Sep 5, 2013, 2:27 PM EDT
Let’s talk about music and other pumped-in sounds at the ballpark.
I don’t have anything against walkup music or some well thought out musical interludes here or there, be they organ or pumped in rock or whatever. But the level of sound saturation we have these days — not to mention its scattershot nature — is really frustrating. Wall-to-wall music is bad enough, but it often makes no sense even if you accept its presence. The “charge” organ when nothing particularly interesting is happening. The “everybody clap your hands!” thing. “Day-O!” Those opening claps to “Car Wash” or whatever it is is simply pointless. It doesn’t comment on or enhance or often even match what’s going on on the field. It’s the equivalent of some dumb conversation people have when they can’t bear even a momentary silence.

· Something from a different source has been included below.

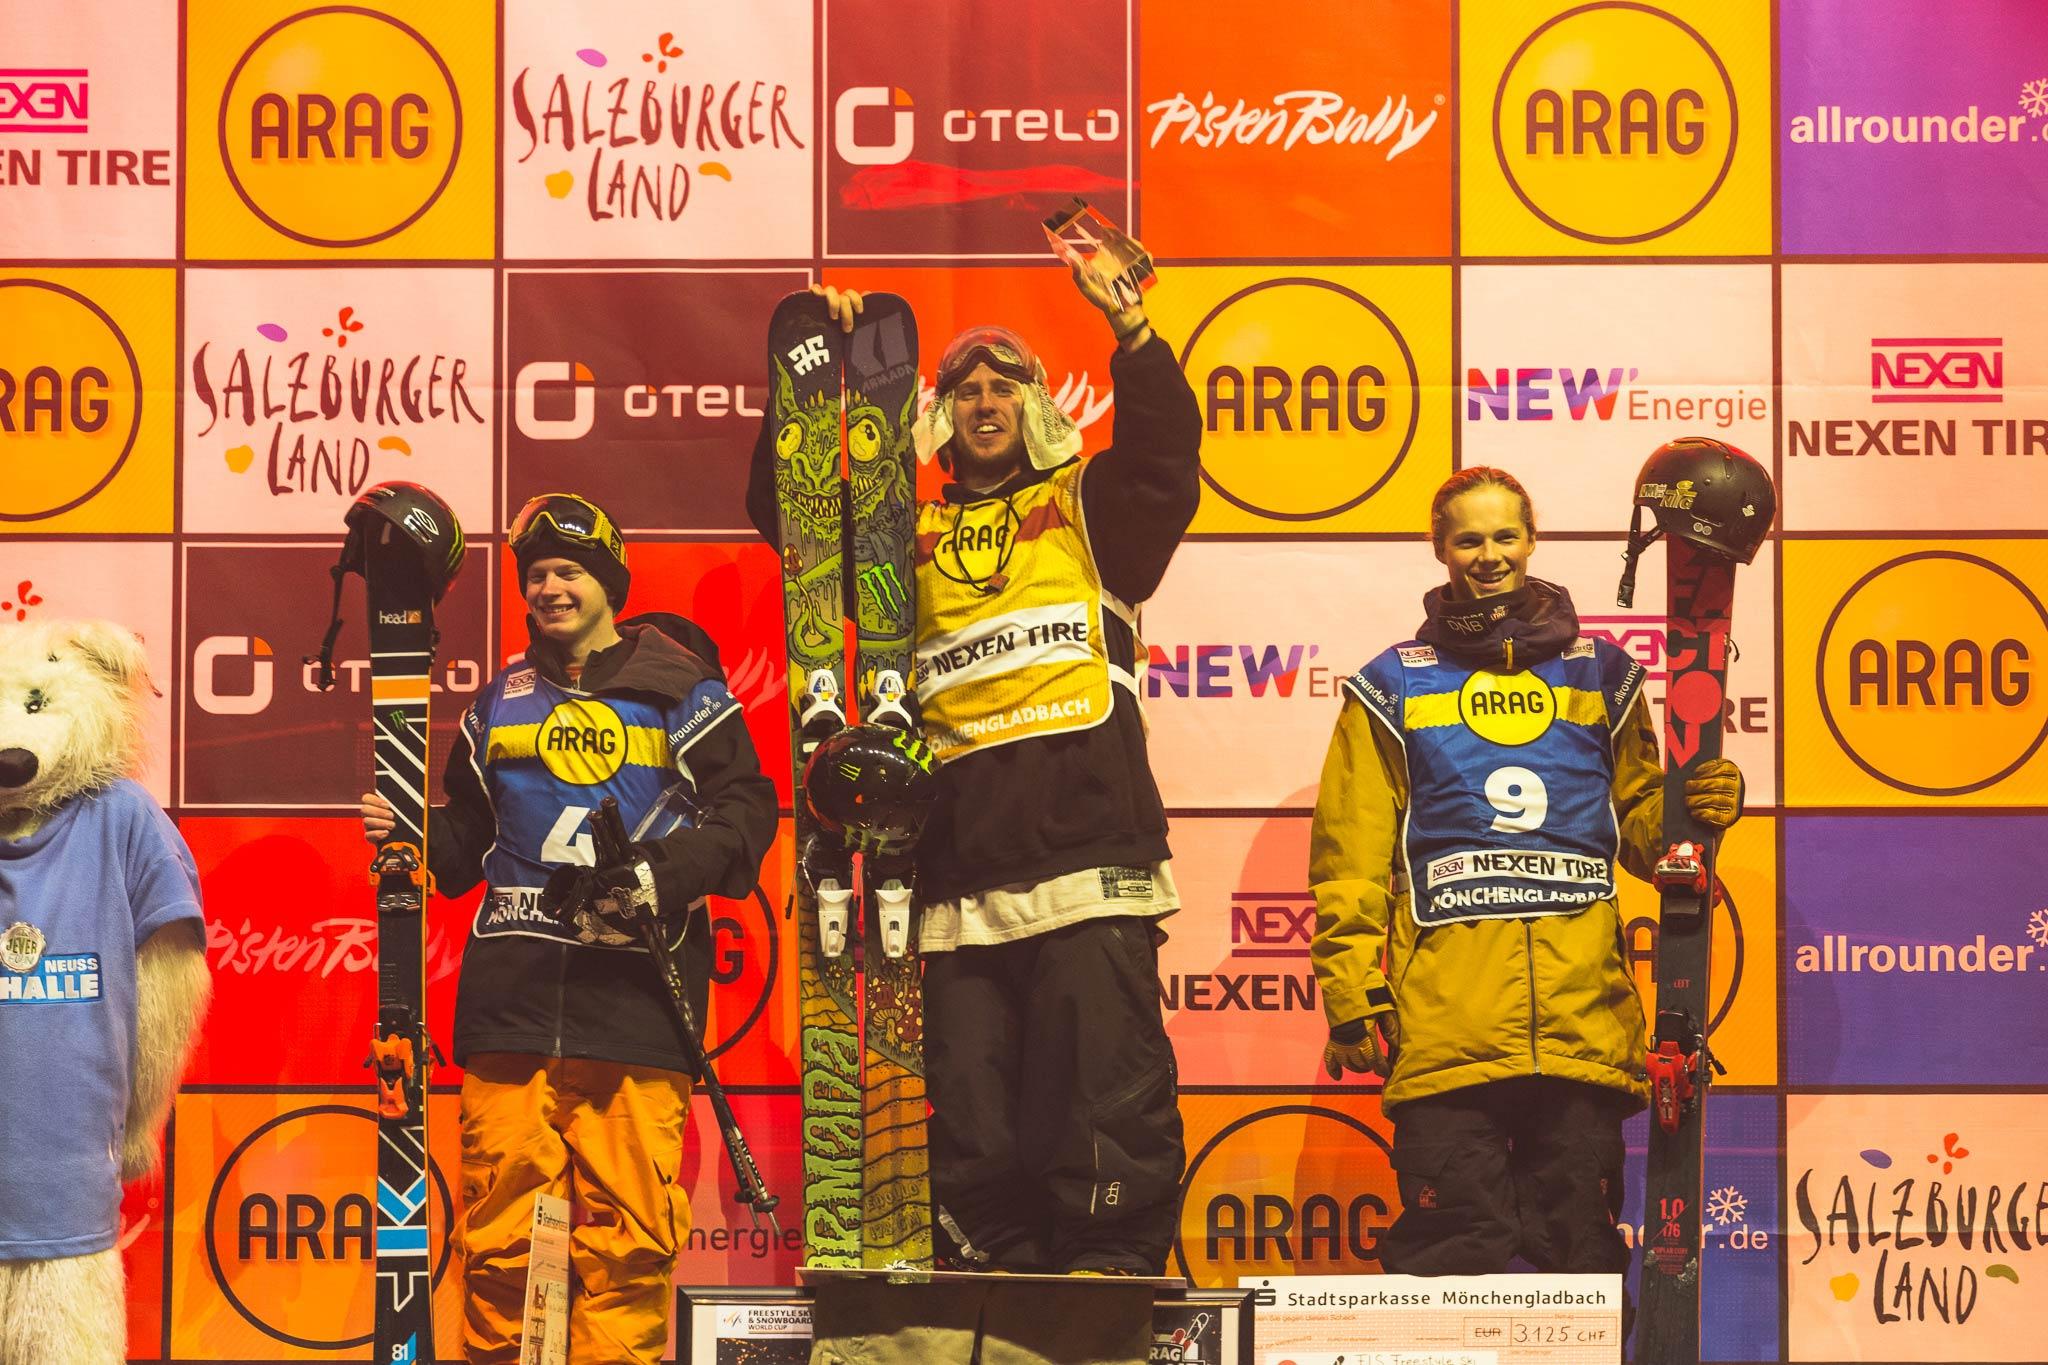 Die Top 3 Männer: Luca Schuler, Henrik Harlaut, Eirik Sateroy (v.l.n.r.)

Larry Granillo of Baseball Nation has noticed this too and he did something I’ve thought to do in the past but never had the drive to actually accomplish: he made a note of every single musical cue that blared out of the loudspeakers at a major league game.
His game was Monday’s Pirates-Brewers game and the results are pretty startling:
Of the 271 pitches thrown on Monday, 119 had some sort of musical cue afterwards. If we count the walk-up music for each of the Brewers’ plate appearances, that brings the total to 152, or 56 percent of the game’s pitches punctuated by music in some way. This does not include the extended musical selections heard during nearly every inning break.
He catalogs each and every song in a separate appendix, showing what was played batter-by-batter. Reading that appendix is telling of that stuff I talk about above. The lack of a plan with music. It’s just belched out there for no reason so often.
While I think baseball would be fine without musical accompaniment, music can be just as good and entertaining a part of a viewing experience as the event itself. Think movie soundtracks and scores and the like. Why baseball, if it insists on pumping in so much music, seems content to treat it as some moronic afterthought is beyond me.